China has become the main pillar of globalisation

It is the above processes which create the strategic fact that it is China that has now become the world’s largest single economy committed to free trade and globalisation – although the EU is also at least in theory a supporter of this process and the EU’s most powerful economy, Germany, is an enormous beneficiary of globalised trade. The world rapidly growing major economy with China, India, is also sharply increasing its economic openness. The percentage of India’s economy devoted to trade is, at current exchange rates, now even slightly above China’s. The powerful positive effect of foreign trade is once more confirmed by the fact that the world’s five most rapidly growing non-oil dominated economies since the early 1990s with populations of more than five million – in descending order China, Cambodia, Vietnam, Laos and India – all have high percentages of trade in GDP. Therefore, even if the US moves towards protectionism other rapidly growing economies remain committed to globalisation and China’s decisive task is to place itself decisively among and help lead the process of the rapidly growing economies seeking the advantages of international and globalisation.

China’s policy and RCEP

China’s strategic policy of supporting freer trade and globalisation can be broken down into a series of initiatives which in present circumstances give it key advantages to play a still greater global role – particularly compared to Trump’s approach in the US.

The most important proposal of China is of course to support the Regional Comprehensive Economic Partnership (RCEP) – the proposed FTA between the ten member states of the Association of Southeast Asian Nations (ASEAN) (Brunei, Myanmar, Cambodia, Indonesia, Laos, Malaysia, the Philippines, Singapore, Thailand, Vietnam) and the six states with which ASEAN has existing FTAs (Australia, China, India, Japan, South Korea and New Zealand). RCEP negotiations were formally launched in November 2012 at the ASEAN Summit in Cambodia. China is arguing for them to be concluded as rapidly as possible.

RCEP has numerous advantages over the TPP. In particular, key proposed participants in RCEP are rapidly growing economies (China. India, Vietnam, ASEAN as a whole etc.) whereas the TPP is based on slowly growing economies (Japan, US).

Like China’s existing FTAs RCEP builds on real trading relationships – China takes about one third of Australian exports and over 20% of South Korea’s. With full implementation of the FTA agreement with Australia, for example, 95% of Australian exports to China will be tariff free.

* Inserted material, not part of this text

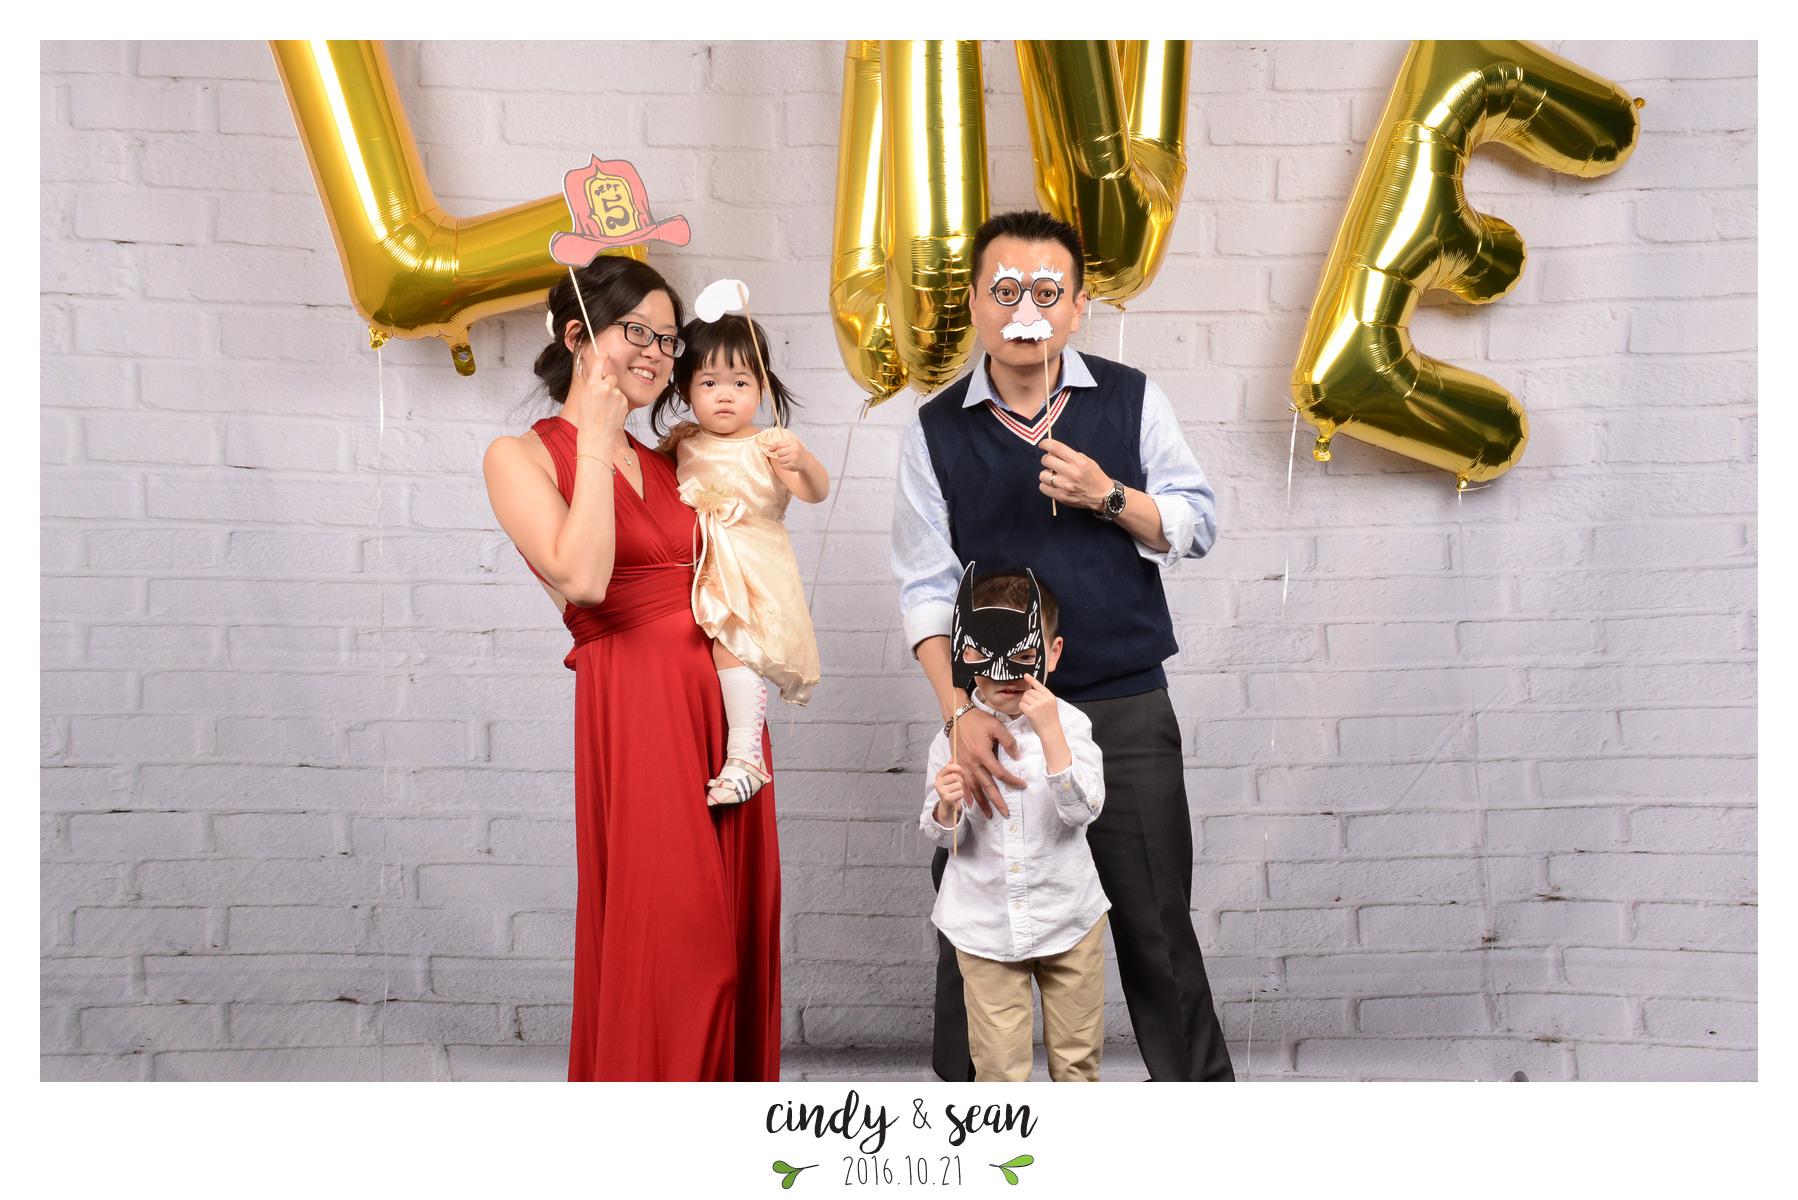 Cindy Sean Bae - 0001-171.jpg

Unlike the TPP and TTIP, which were primarily based on giving international jurisdiction to institutions which would be controlled by a single country (the US), China’s existing FTAs, like RCEP, emphasise harmonisation of national standards with international supervision and interference reduced to an absolutely necessary minimum.

OBOR and AIIB

Finally, China has shown its ‘thought leadership’ on globalisation by initiatives which go beyond the approach of the US in GATT and the WTO. These initiatives were based primarily on tariffs, legal changes, regulation etc. They did not address the actual question of creating the material basis for trade. China’s initiatives in One Belt One Road (OBOR) and the Asian Infrastructure Investment Bank (AIIB) go beyond this by laying the basis for practical development of trade, in particular by infrastructure investment. It is for this reason that even before Trump came to office the AIIB and OBOR were attracting great international attention even from traditional allies of the US such as Britain and Germany.

Conclusion

To summarise, in very important matters, such as Trump becoming US president, it is necessary to be precise and not exaggerate. It remains to be seen how much Trump’s protectionist rhetoric is translated into protectionist practice. Nevertheless, even the change in rhetoric is important. China has now publicly become the world’s largest nation supporting and acting as a pillar of globalisation. As globalisation is the process which has brought immense benefits to the world economy, and particularly to developing countries, this creates key international strategic openings for China.